Pilot's interaction with ATC:
Though the controller cleared the PIA flight to land with both runways (25L and 25R) available, the pilot could be heard giving distress signal "May Day, May Day, May Day".
Experts said the failure to achieve the directed height indicates that the engines were not responding. The aircraft, thereafter, tilted and crashed suddenly.
The flight crashed at the Jinnah Garden area near Model Colony in Malir on Friday afternoon, minutes before its landing in Karachi's Jinnah International Airport. Eleven people on the ground were injured.
"My pilots were qualified, their checks and balances, and medical tests were complete. My cabin crew was also qualified and my plane's inspection was also complete," CEO of PIA Air Marshal Arshad Malik said soon after the crash.
The probe team, headed by Air Commodore Muhammad Usman Ghani, President of the Aircraft Accident and Investigation Board, is expected to submit a full report in about three months.
According to the PIA's engineering and maintenance department, the last check of the plane was done on March 21 this year and it had flown from Muscat to Lahore a day before the crash.
The investigators would have to see what caused both engines to stop working. It could be a bird hit or the pilot accidentally shutting off the wrong engine. It is rare for both engines to shut down simultaneously, the Dawn report noted.
Pakistan Airlines' Pilots Association statement:
Meanwhile, representatives of pilots' association and aviation experts have expressed concern over the handling of the investigation into the crash of the PIA aircraft by the air force-dominated probe team appointed by the government.
Pakistan Airlines' Pilots Association (PALPA) Secretary Capt Imran Narejo, while talking to Dawn newspaper, said the "investigation team was not balanced", because it lacked the representation of commercial pilots. Commercial pilots better understood the accidents involving commercial jetliners, he explained.

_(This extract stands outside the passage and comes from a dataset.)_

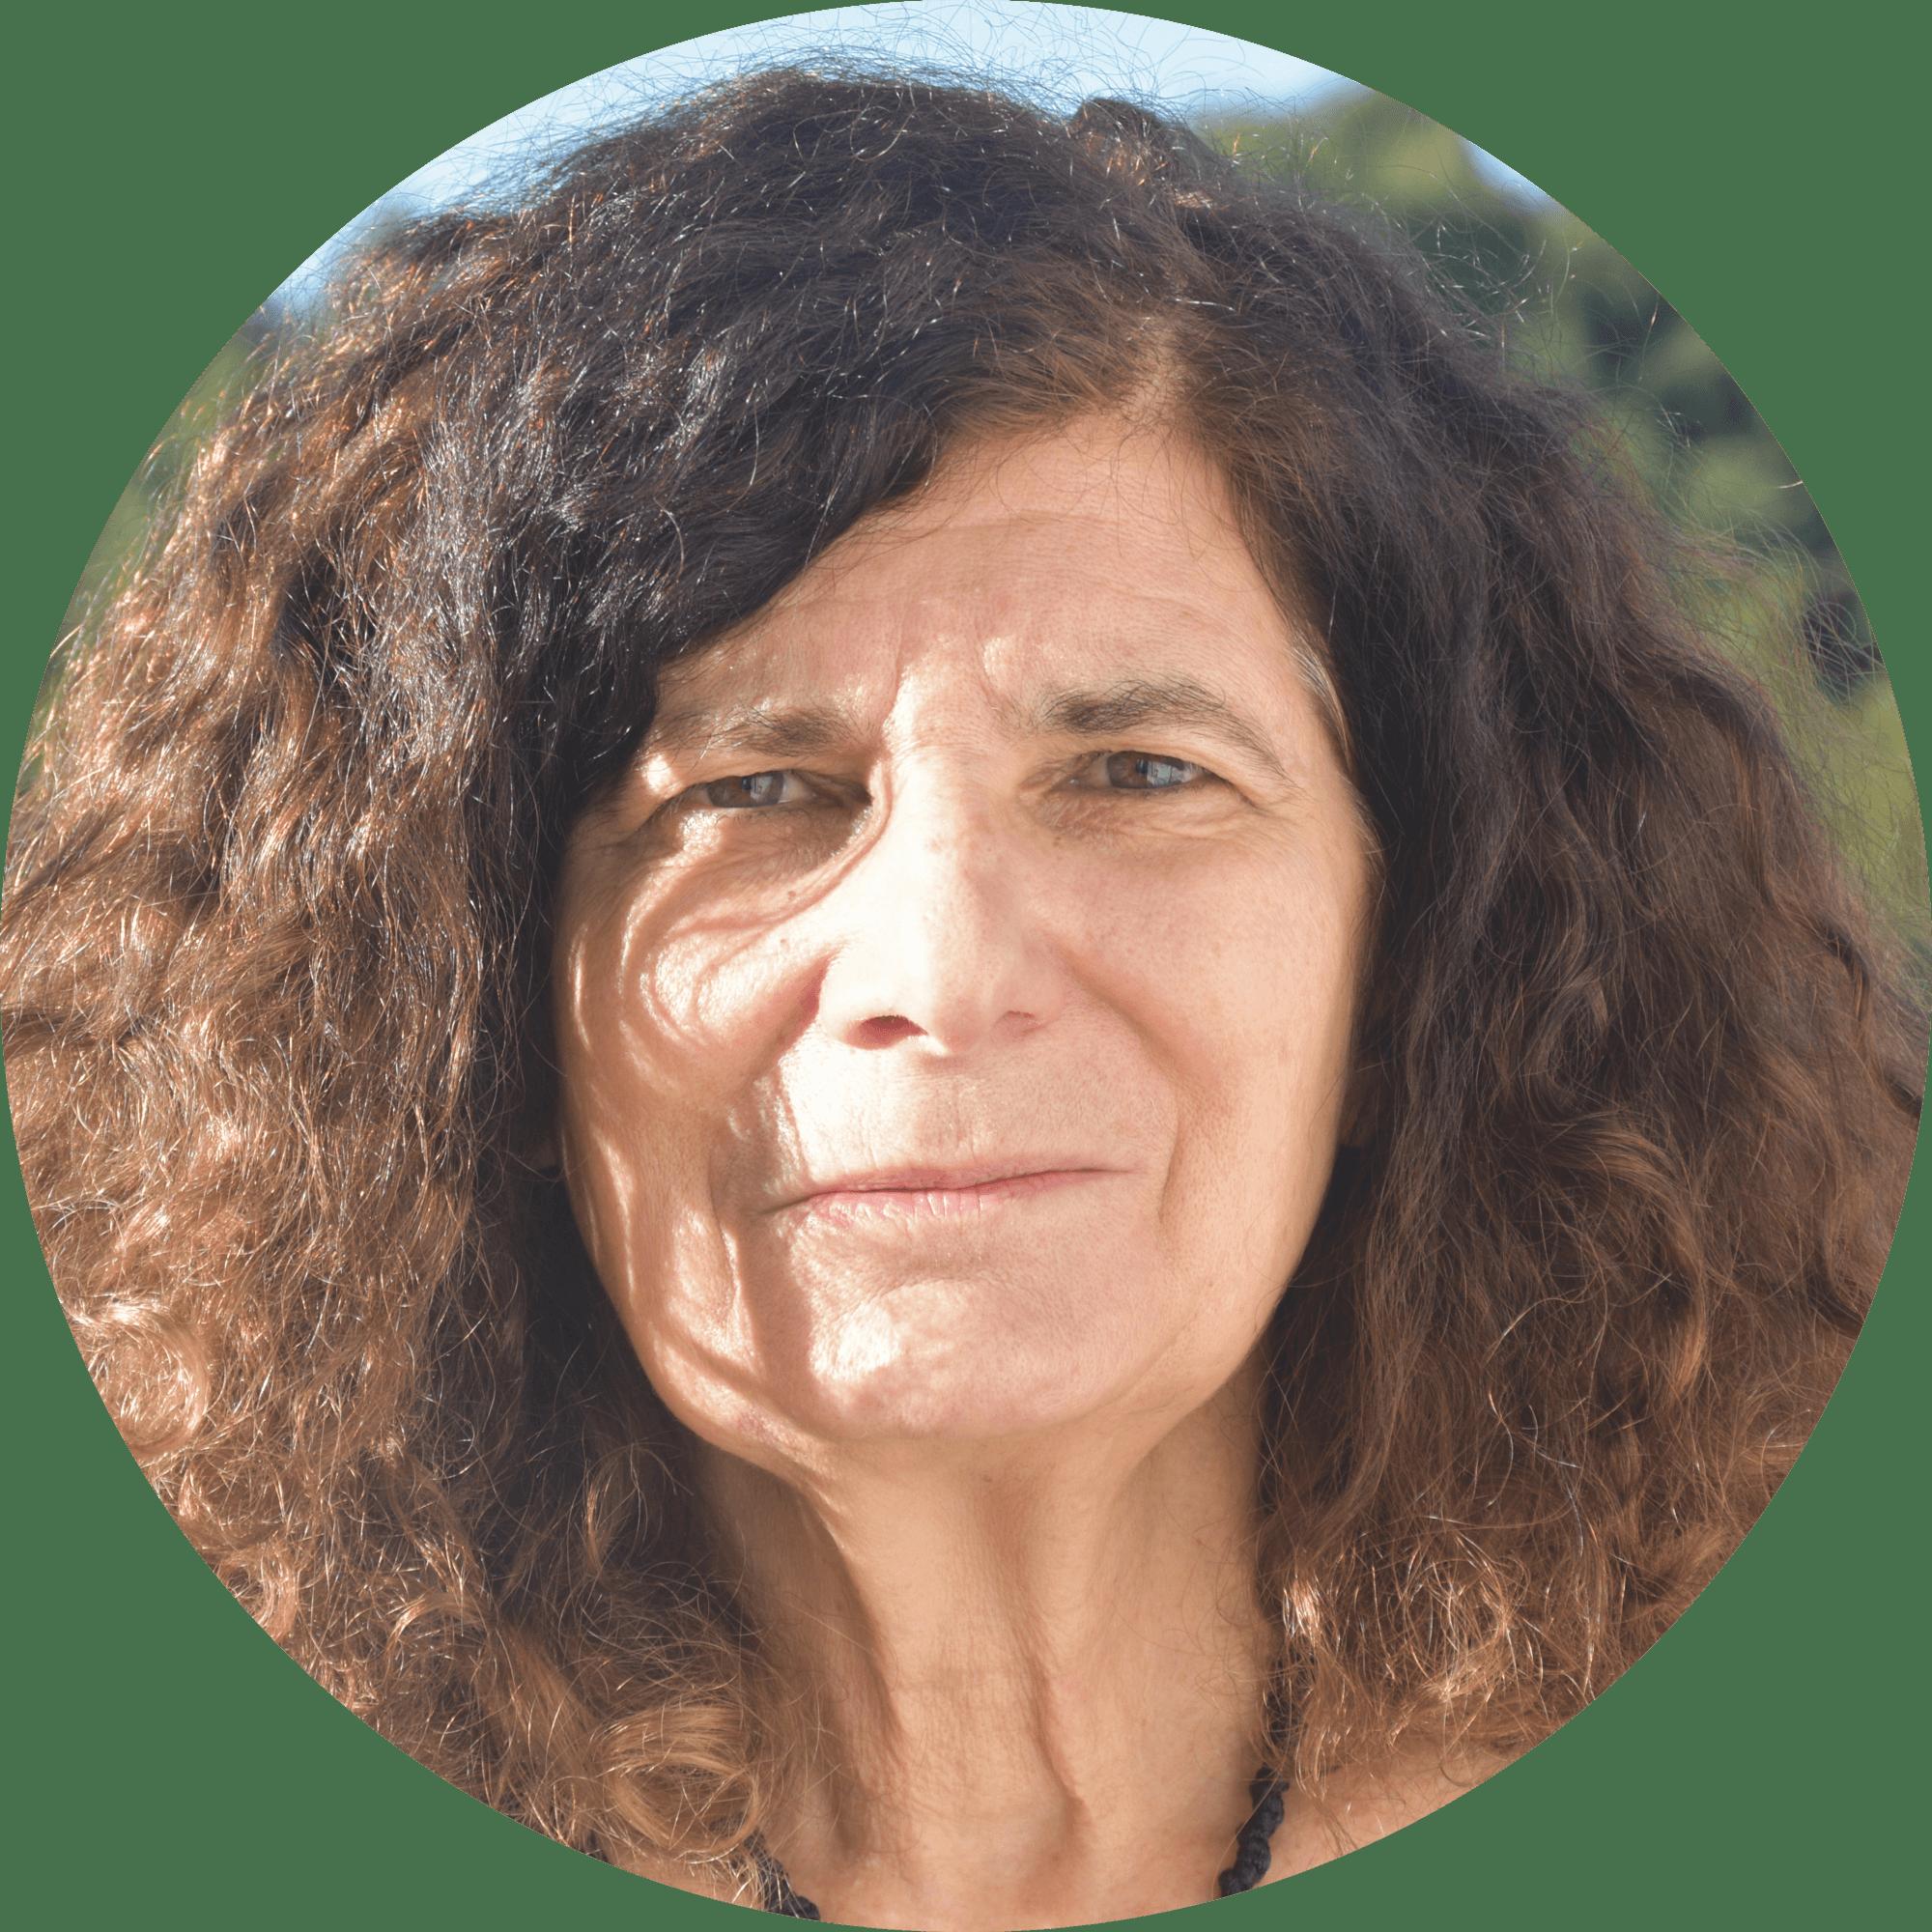 Annette Becker

The government appointed a four-member investigation team comprising three officials of the Aircraft Accident Investigation Board, two of whom are Air Force officers, and the fourth member has been co-opted from Pakistan Air Force's safety board. There is no commercial pilot in the team, which has been asked to submit its findings "within the shortest possible time". Another PALPA official, who did not want to be named, said it was crucial for any incident investigation to include a "rated pilot" for the type of aircraft (Airbus A-320) involved in the accident.
In the wake of the COVID-19 pandemic, the Pakistan government had allowed the limited domestic flight operations from five major airports - Islamabad, Karachi, Lahore, Peshawar and Quetta - from May 16.
After the plane tragedy, the PIA has called off its domestic operations.